The Selfish mining attack against blockchain protocols was discovered and formalized in 2013 by Eyal and Sirer (also see our blog post). The Bitcoin community has mentioned similar types of attacks in 2010. This attack remains a vulnerability of all operational blockchains we are aware of. For Bitcoin’s blockchain algorithm (under reasonable network assumptions), a coalition controlling over 1/4 of the mining power can improve its revenue using this attack. The situation is even worse if we consider more powerful attacks (see Sapirshtein, Sompolinsky, Zohar, Heilman et al., and Nakak et al.).
Pass and Shi’s Fruitchain is the state of the art in this context. Given the Fruitchain reward mechanism, the authors suggest a strategy that even with coalitions of almost 50%, any other strategy can only increase the coalition’s utility by a negligible amount. However, we show that a simple deviation from the suggested strategy is always at least as profitable as the suggested strategy. Thus, it is strictly better for miners, of any size, not to follow the suggested strategy. Even worse, if all miners deviate in this way, the system may become unstable.
Colordag: An Incentive-Compatible Reward Scheme
We present Colordag, a novel blockchain reward scheme that is joint work with our co-authors Danny Dolev and Joe Halpern. Given the Colordag reward structure, we provide an equilibrium strategy that is almost always a best response, even with coalitions of almost 50%. Unlike Fruitchain’s suggested strategy where deviation is always at least as profitable as good behavior, the deviation from the Colordag suggested strategy is almost always strictly less profitable.
Colordag utilizes three techniques to achieve strong incentives for equilibrium. In this post, we briefly explain the intuition behind those techniques. Our Technical Report details all three and the formal proof and analysis.
Colordag forms a directed acyclic graph (dag), where every block has multiple parents. Using dags was suggested in several other works for increasing throughput. Here our goal is different – to incentivize playing the suggested strategy via mechanism design. While our protocol may generate a dag that might be wide, we use new techniques to incentivize the formation of a single longest chain with as few bifurcations as possible. This longest chain is the one that determines the order of transactions.
Technique 1: Random Coloring
Like Bitcoin and subsequent protocols, Colordag uses the longest chain to identify the series of blocks generated with more mining power.
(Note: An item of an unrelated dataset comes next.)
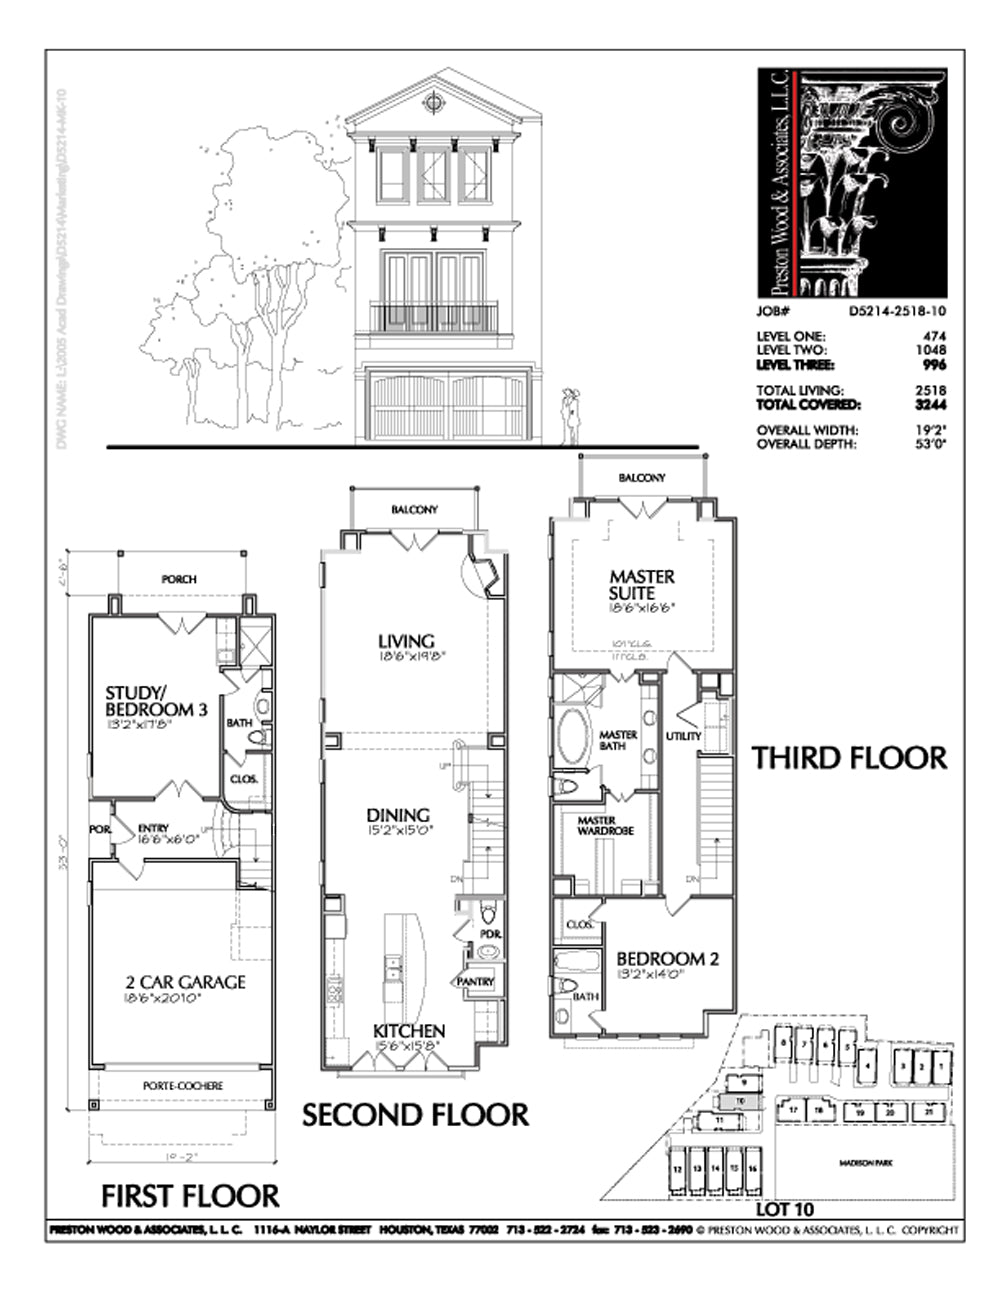 Narrow Townhome Plans Online, Brownstone Style Homes, Town

However, occasionally forks form naturally due to network latency (hundreds of such forks happen on Ethereum each day) and slow the chain extension. The first challenge is thus handling the advantage of an attacker with consolidated mining power and no natural forking. Such an attacker has an advantage in generating a long chain over honest players: she doesn’t “lose” blocks in forks.
To reduce the adversary’s advantage, we introduce a novel random coloring technique: each block is assigned a color, actually a number chosen uniformly at random in some range (0, …, k-1). Technically, the color is calculated by hashing the block’s hash (which includes the PoW hash) and taking, e.g., the MSB. This way, a miner cannot change the color of a block once generated, and cannot bias the color of the block (except with negligible probability).
To define the reward structure, we consider the graph minors for the full dag induced by the random coloring. A minor is derived from the dag by taking all vertices of a certain color, and placing an edge between two vertices if there is a directed path between them that does not include another block of that color (see example below). For each such minor, the probability of a fork is much smaller than in the full graph, and we can make it arbitrarily smaller by increasing the number of colors. Note that the number of colors does not affect the block generation rate.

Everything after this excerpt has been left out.